The launch today was perfect and set Euclid on a trajectory to the Sun-Earth Lagrange Point 2, SEL-2, 1 million miles (1.5 million kilometers) from Earth in the direction away from the Sun. ESA’s Gaia spacecraft and the NASA-ESA-CSA James Webb Space Telescope already are at SEL-2 . Lagrange points are where the gravitational forces of two celestial objects — the Sun and Earth in this case — balance each other out allowing a third — a spacecraft like Euclid, for example — to remain in a fixed relative position with miminal expenditure of fuel.

The five Lagrange points in the Sun-Earth system. Credit: NASA

The €1.4 billion ($1.5 billion) Euclid spacecraft will arrive at SEL-2 in four weeks, followed by two months of commissioning the two instruments: a VISible-wavelength camera (VIS) and a Near-Infrared Spectrometer and Photometer (NISP).  The instruments were provided by the Euclid Consortium a group of about 2,500 scientists and engineers from more than 15 countries.
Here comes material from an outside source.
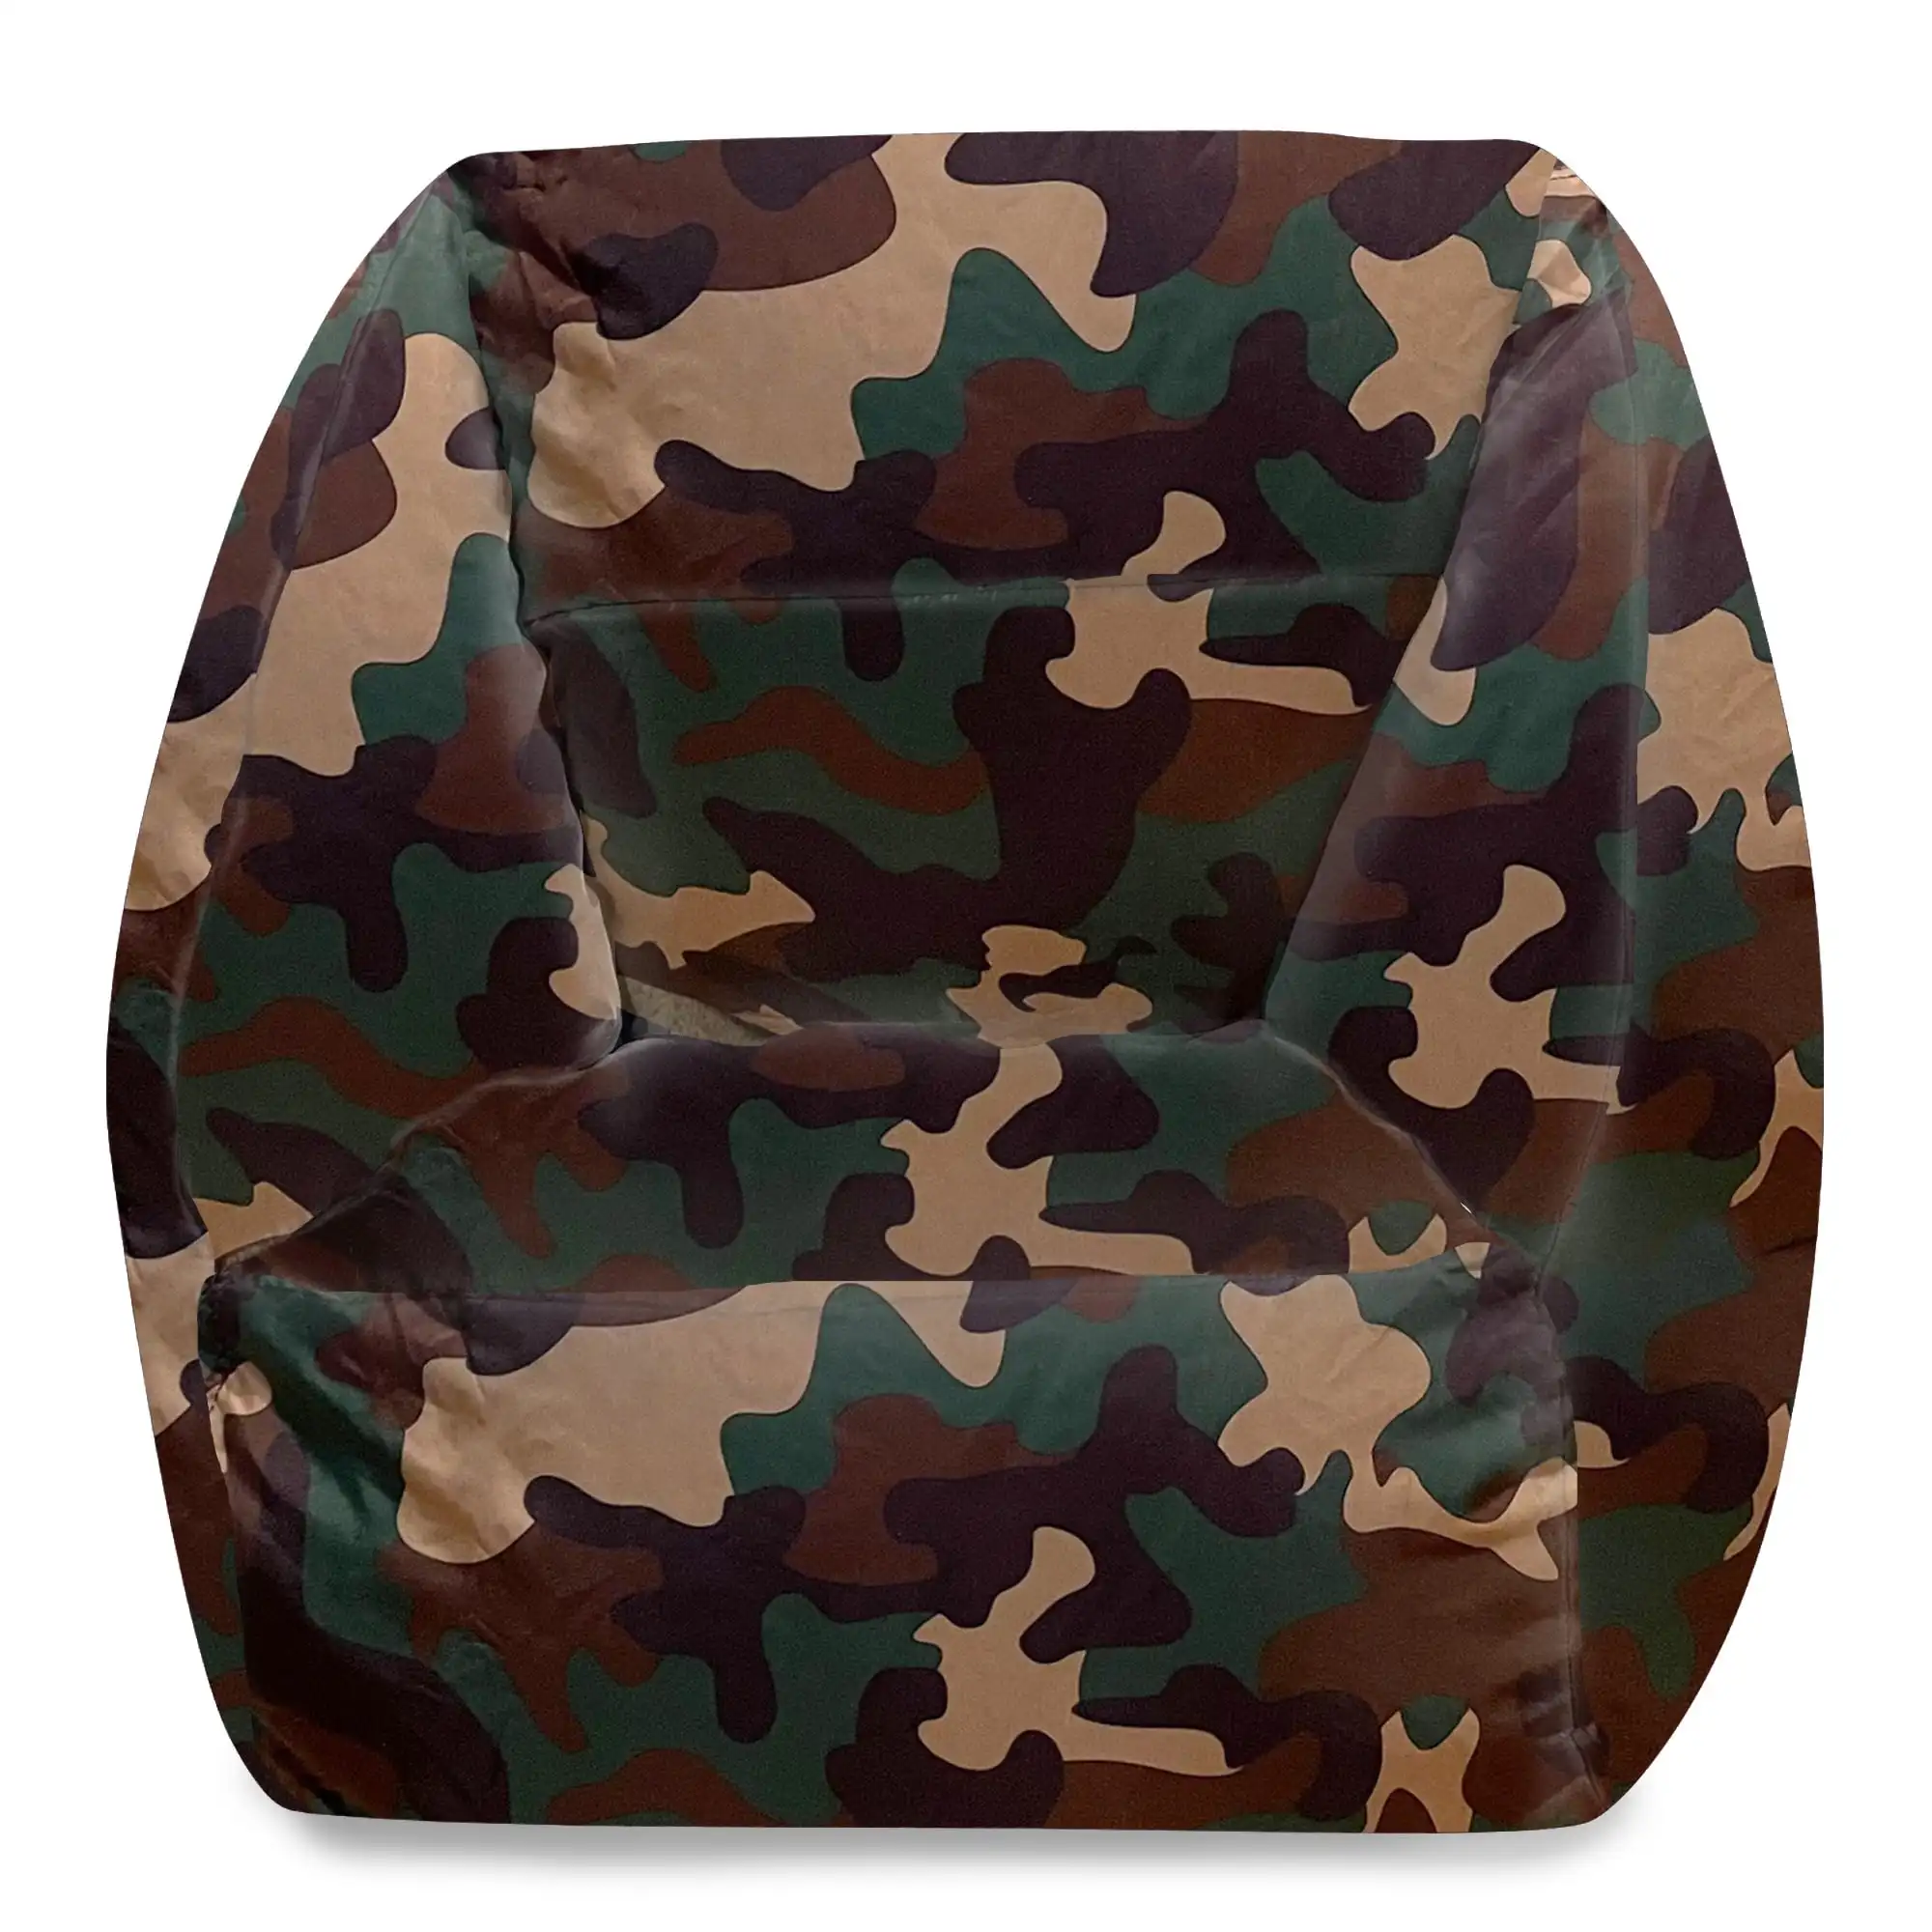 

Structured Comfy Bean Bag Chair, Nylon Lazy Floor Sofa for Living Room Bedroom Fluffy Couch with Filling - Camo Green

NASA provided the near-infrared detectors for NISP. Thales Alenia Space was the prime contractor for the spacecraft.

Credit: ESA

Once operational, Euclid will observe one-third of the universe out to a distance of 10 billion light years collecting data about the early universe that scientists hope will reveal of the nature of dark matter and dark energy.

Based on previous observations, they conclude that ordinary matter (baryons) that makes up the planets, stars and galaxies we see is not enough to explain the motions within galaxies and clusters. Other matter we can’t see — “dark matter” — must exist.

Similarly, scientists studying the rate at which the universe is expanding and who expected it to be slowing down due to gravitational effects were surprised to discover in 1998 based on data from the Hubble Space Telescope that the rate is accelerating instead.  Some other force — some other energy — is pushing it apart: “dark energy.”

They now calculate that the universe is comprised of 5 percent ordinary matter, 27 percent dark matter, and 68 percent dark energy.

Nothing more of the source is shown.